Но однажды немцы сами нас вывели за нее. В лагерь приехал какой-то важный генерал, и в его честь немцы решили устроить концерт, используя нас в качестве тешащей самолюбие публики. Мы все собрались на поляне, охраняемой по периметру автоматчиками. Солдаты устроили целое представление: один играл на аккордеоне и пел, другой жонглировал и танцевал, а третий поставил стул себе на подбородок. Все были поражены. И именно в этот момент над нами пролетел советский самолет. Летчик заметил большое скопление немцев и вражеской техники и начал бомбить. Раздался взрыв. И еще один, и еще. Среди немцев началась паника, и им ненадолго стало не до нас. Мы с сестрой и мамой стояли ближе всех к лесу и, воспользовавшись суматохой, бросились бежать. Мы были почти у леса, как я заметил погибшую от взрыва бомбы огромную лошадь: ее разорвало на куски. Я схватил кусок ноги, еще теплый, с сочащейся кровью, и догнал маму с сестрой. Долго мы бежали по лесу. Мама совсем выбилась из сил из-за постоянного недоедания и тяжелой физической работы. Наконец мы дошли до ближайшей деревни, постучались в самый первый дом. Дверь нам открыла добрая старушка. Мы попросили у нее котелок и спички, чтобы приготовить мясо. А она нас пожалела и разрешила жить у нее, пока мама не наберется сил, чтобы идти дальше – домой. Так закончилось наше девятимесячное заключение в лагере.
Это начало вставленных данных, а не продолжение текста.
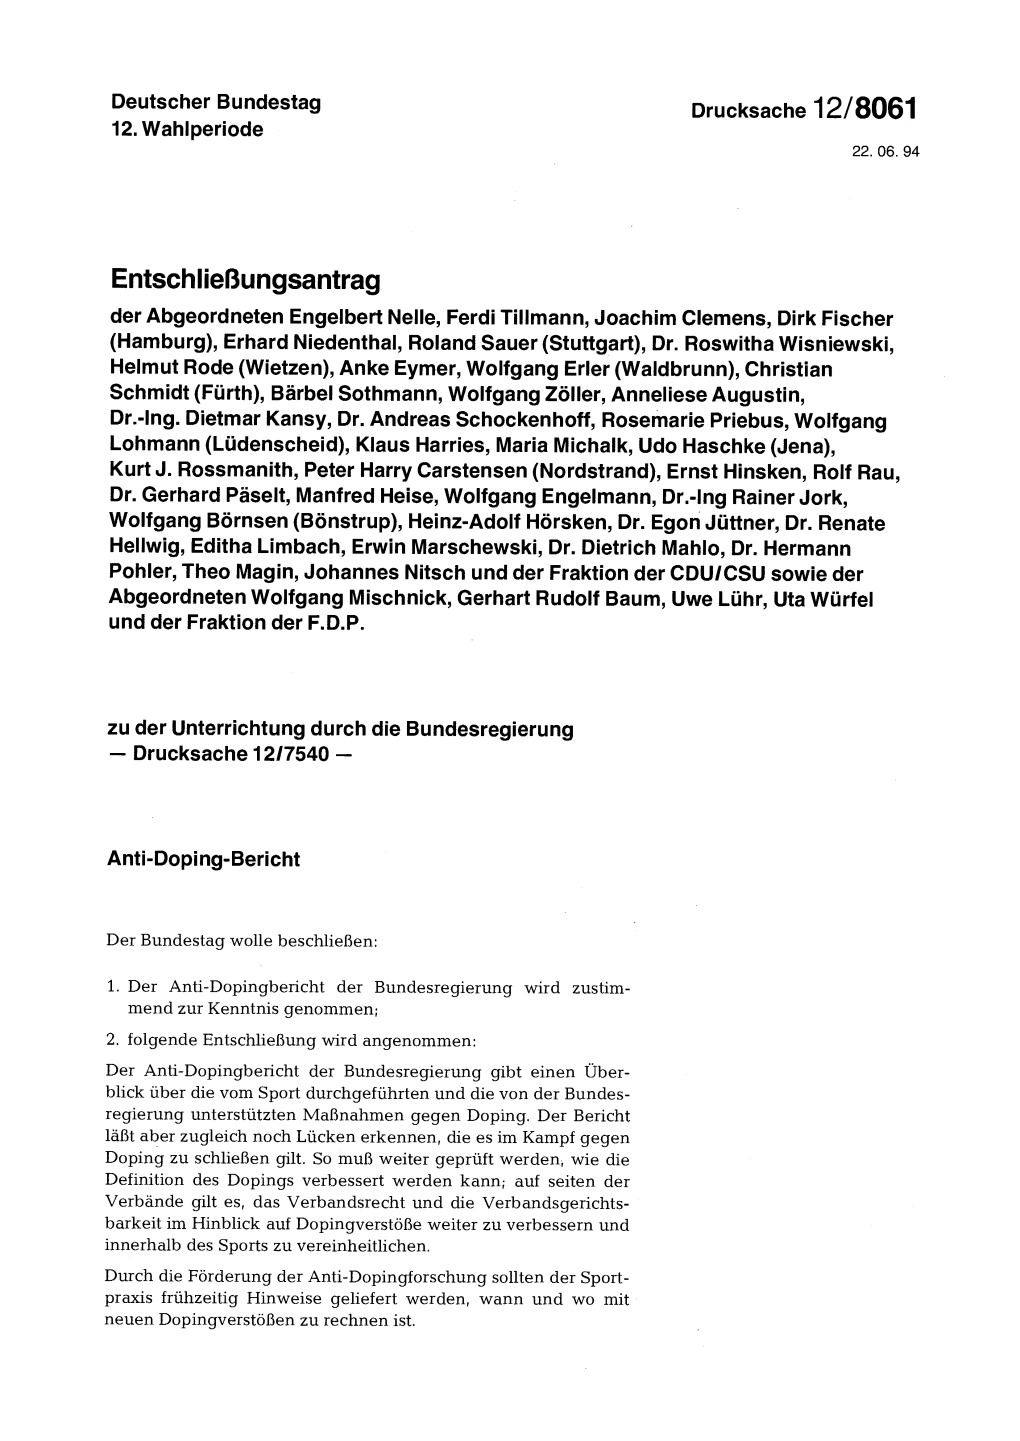 Entschließungsantrag Der Abgeordneten Engelbert Nelle, Ferdi Tillmann, Joachim Clemens, Dirk Fischer (Hamburg), Erhard Niedenthal, Roland Sauer (Stuttgart), Dr

Старушку звали бабой Ганей. В избе у нее был всегда идеальный порядок, на стенах висели образа. Но она тоже голодала. И после того, как мы доели мясо, есть было совершенно нечего, поэтому мама отправила меня побираться – просить еду у соседей. Мне было очень стыдно. Мой первый опыт закончился тем, что мне дали один блин, я съел его, а затем весь день прятался за сараем, чтобы не пришлось позориться снова. От мамы мне, конечно, влетело. Но человек ко всему привыкает, и я потихоньку избавился от сжимающего сердце стыда, когда попрошайничал. Люди по возможности делились, и за счет этого мы жили какое-то время.